For one, with my children at least, asking a child if they're okay with something isn't about asking them permission, it's about checking in with where they are at on their confidence level and understanding of something. In other words "are you with me or did I lose you along the way somewhere?" or "are you paying attention?" If I'm trying to accomplish something with one of my children, I'm not going to try to erase their thoughts and feelings in the process. In fact, that's sort of the opposite of what I'm trying to do. I find asking my children "okay?" at the end of a sentence to be a very effective way of gauging whether they're going to be on-board with the plan or if they're going to flip out and throw a tantrum. Not only that, but it's their body we're talking about here. They damn well better be okay with it if that's what we're talking about.
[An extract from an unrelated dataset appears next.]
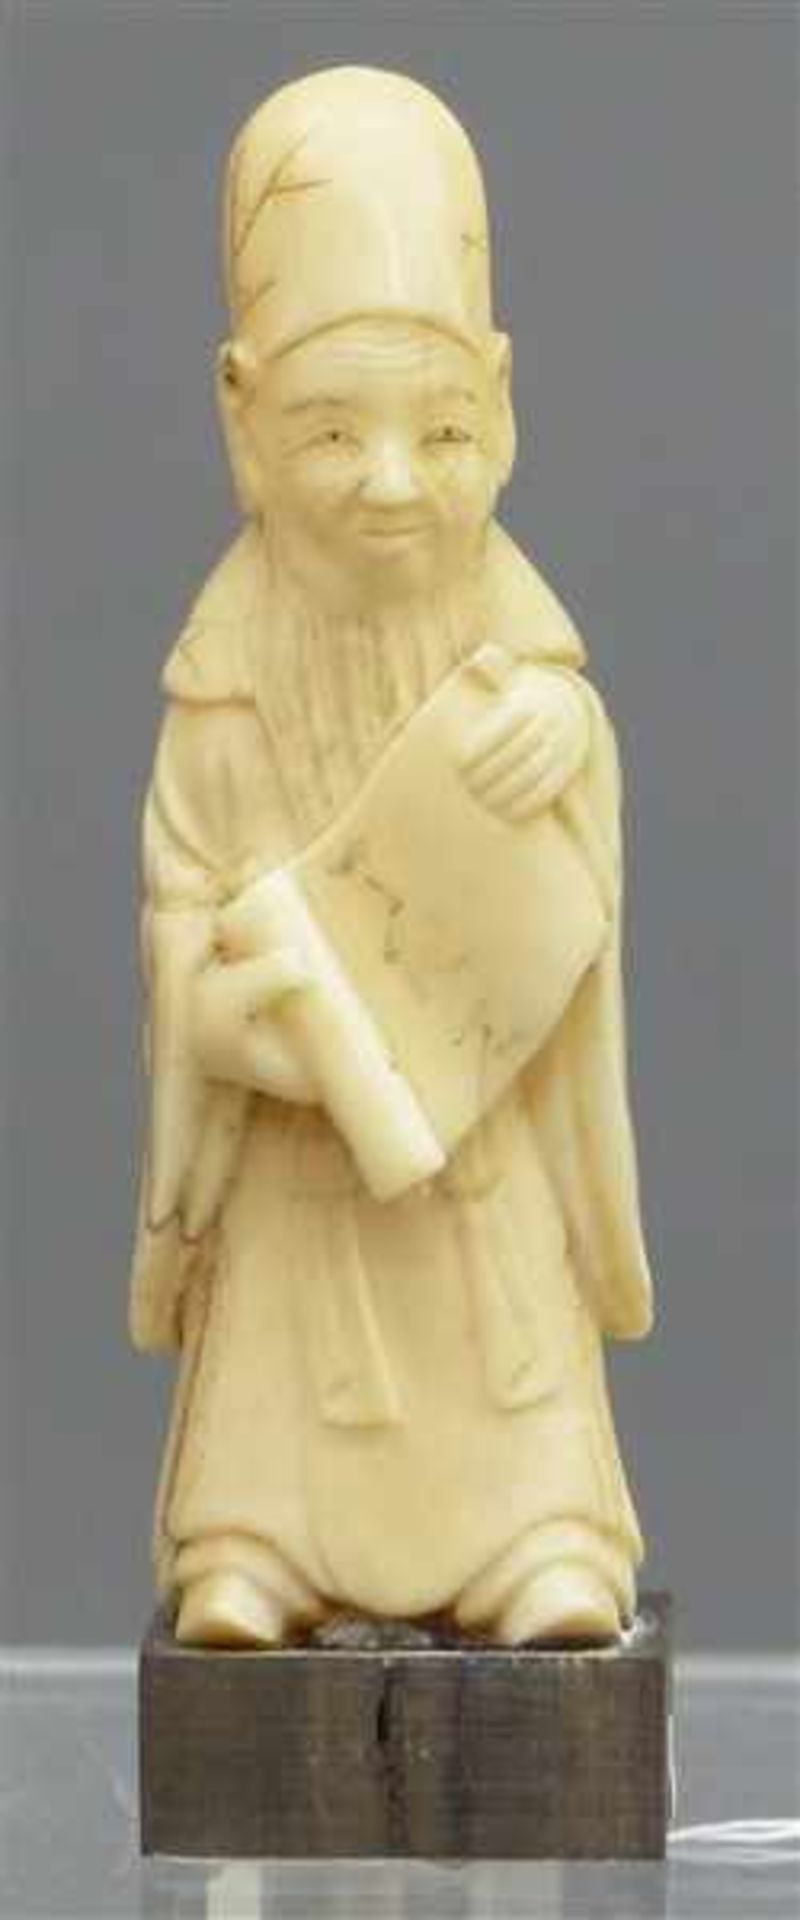 SkulpturElfenbein, 19. Jh., betender Mönch, auf Holzsockel, h 9,5 cm,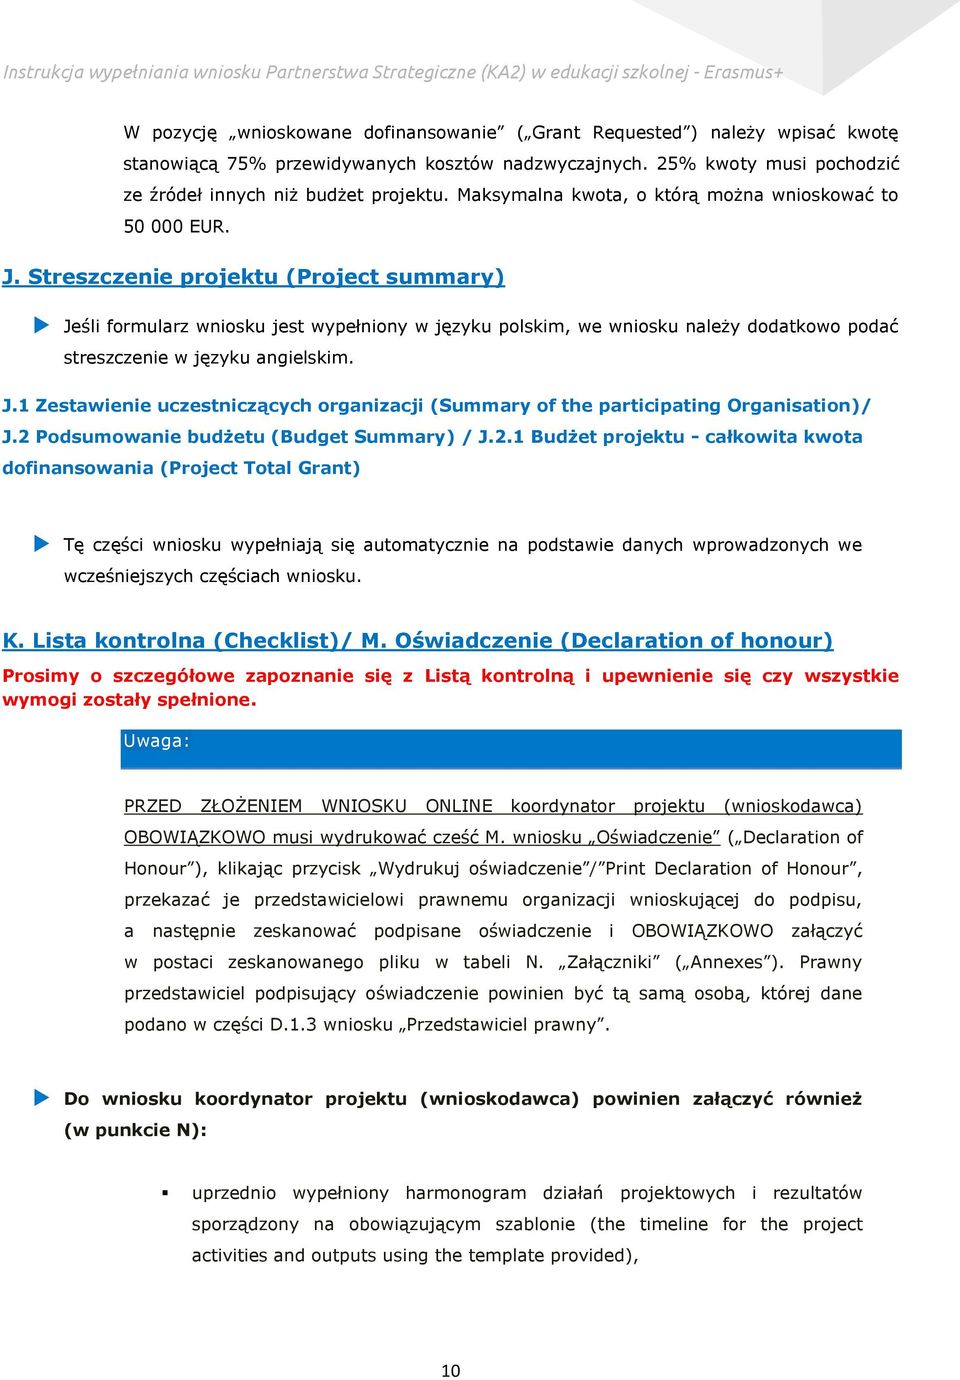 Streszczenie projektu (Project summary) Jeśli formularz wniosku jest wypełniony w języku polskim, we wniosku należy dodatkowo podać streszczenie w języku angielskim. J.1 Zestawienie uczestniczących organizacji (Summary of the participating Organisation)/ J.

Hint: it's also a good idea to head off tantrums before they happen than it is to fight with your child. Fighting with a child and winning in the moment will only get you a win for the moment, but over the long term, it will alienate your child and put them at odds with you, seeding later rebellious behavior. Seeing if something is "okay" with my child is an artifact of how we use language, it's not asking permission, it's harmless, and I'm going to keep doing it. I think if that's how you talk, you should keep doing it too. Don't follow this crappy parenting advice, because I'm sure you'll come across it in a lot of places, and it's just silly. Oh, and other than that part, Oh Crap! Potty Training is pure gold.